Challenge: Need realistic fraudulent transaction patterns

Solution:

prompt = """
Generate 100 realistic credit card transaction records.
Include 20 fraudulent patterns:
- Card testing (multiple small charges)
- Account takeover (sudden large purchases)
- Geographic anomalies (purchases in 2 countries within hours)
- Unusual merchant categories

Make legitimate transactions realistic too.
Output: CSV
"""

Result:

  • ML model learned to recognize more subtle patterns
  • Precision increased 12%
  • False positives decreased 8%

The Future of LLMs in Testing

1. Specialized QA LLMs:

  • Models trained specifically on QA data
  • Better understanding of test patterns
  • Fewer hallucinations for testing tasks

2. Agentic workflows:

# AI agent autonomously:
1. Analyze requirements
2. Generate tests
3. Run tests
4. Analyze failures
5. Fix flaky tests
6. Report results

# Human only approves/guides

3. Multi-modal testing:

  • LLM + Computer Vision for UI testing
  • “Look at screenshot and tell me what’s broken”

4. Real-time test generation:

# During exploratory testing:
QA action  LLM generates test  Auto-adds to suite

# Converts manual testing to automated

Conclusion

ChatGPT and LLMs are powerful tools for QA, but not a silver bullet.

Where LLMs are genuinely useful:

✅ Test data generation (90% time saved)

✅ Creating basic test cases (70% faster)

✅ Code review (finds 60-70% of obvious issues)

✅ Documentation generation (95% automation)

✅ Learning & upskilling (endless mentor)

Where LLMs DON’T replace humans:

❌ Critical thinking (edge cases require domain knowledge)

❌ Test strategy (what to test and why)

❌ Bug investigation (root cause analysis)

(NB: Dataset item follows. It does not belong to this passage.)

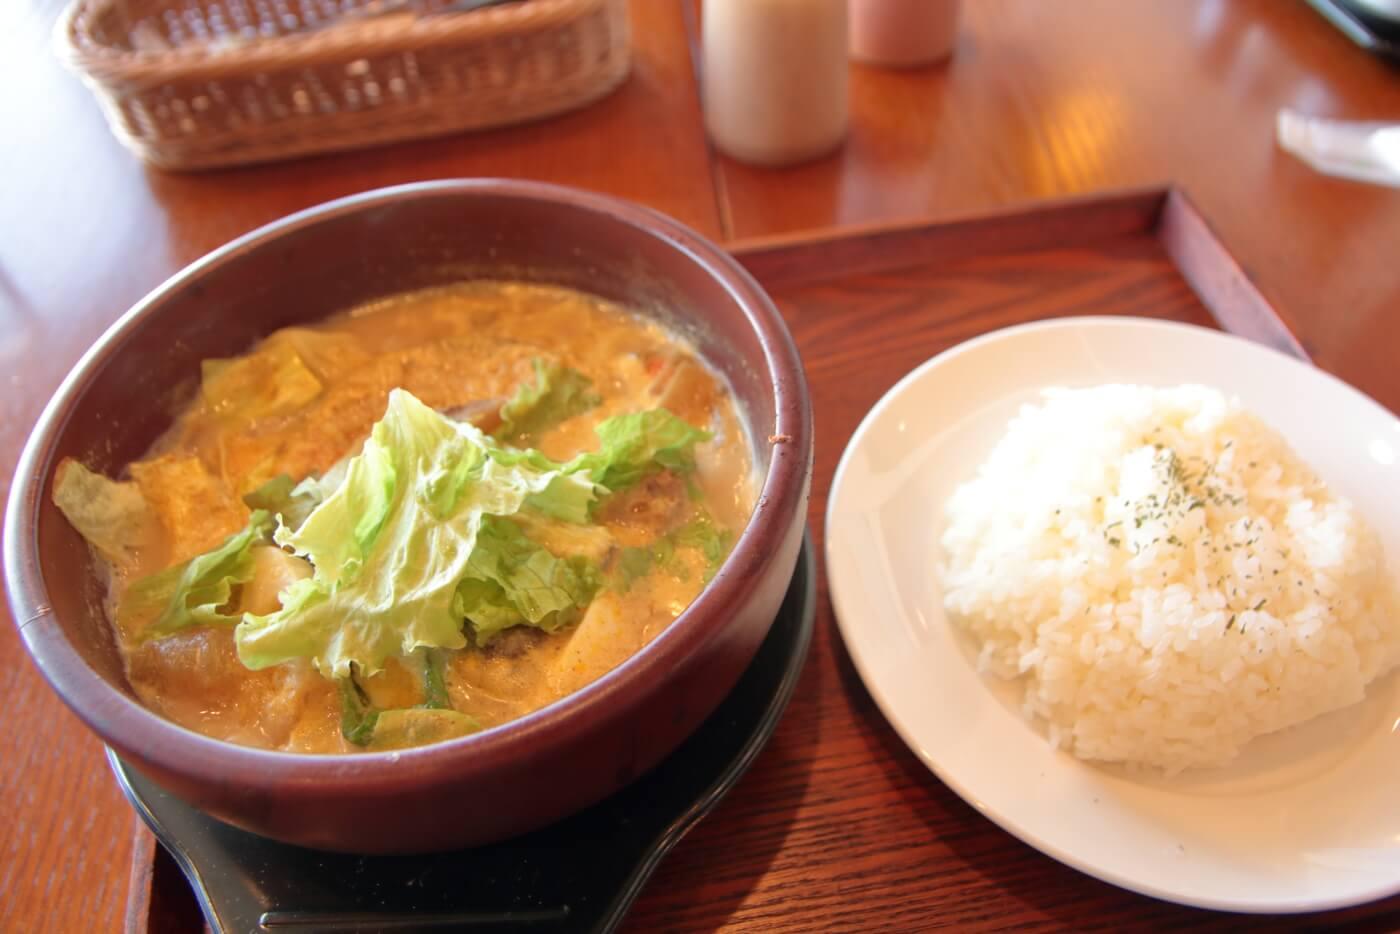 Real食堂 西山珈琲館 国産牛スジ肉のミルク入りスープカレー

❌ Context understanding (business specifics)

Golden Rule:

LLM is a super-smart junior QA. Generates quickly, but requires supervision. Don’t trust blindly. Always verify.

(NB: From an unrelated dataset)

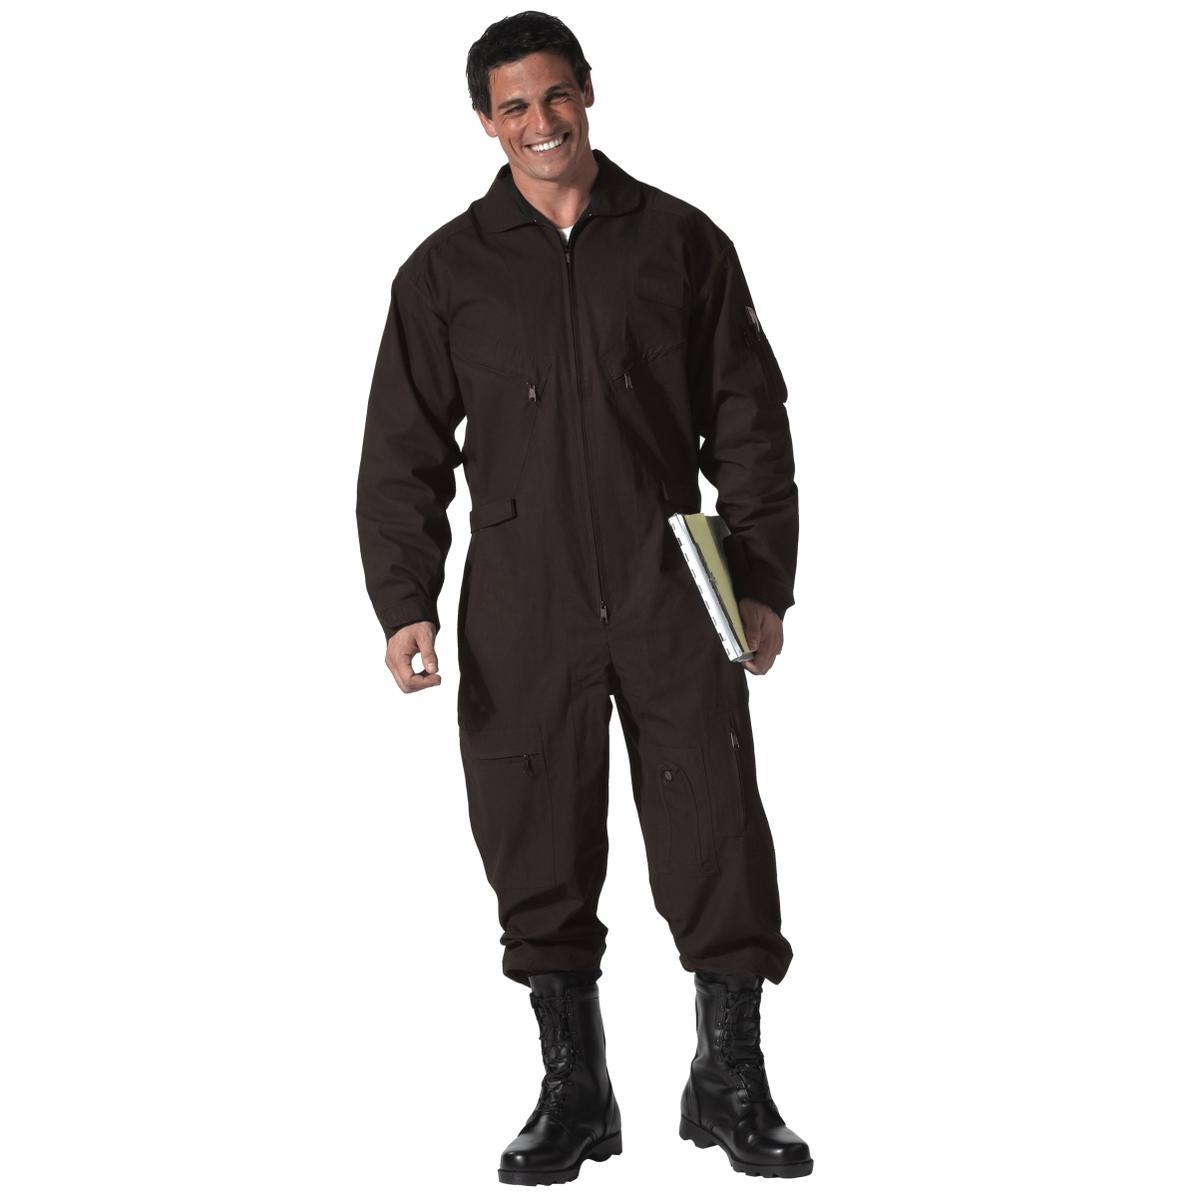 Black Air Force CWU-27P Style Flightsuit - Medium

Practical recommendations:

  1. Start small: Use for test data generation
  2. Build prompts library: Save successful prompts
  3. Set up guardrails: Sanitization, review process
  4. Measure impact: Track time saved, quality metrics
  5. Train team: Not everyone knows how to prompt effectively

LLMs in testing — this is the future that’s already here. The question isn’t “whether to use”, but “how to use effectively and safely”.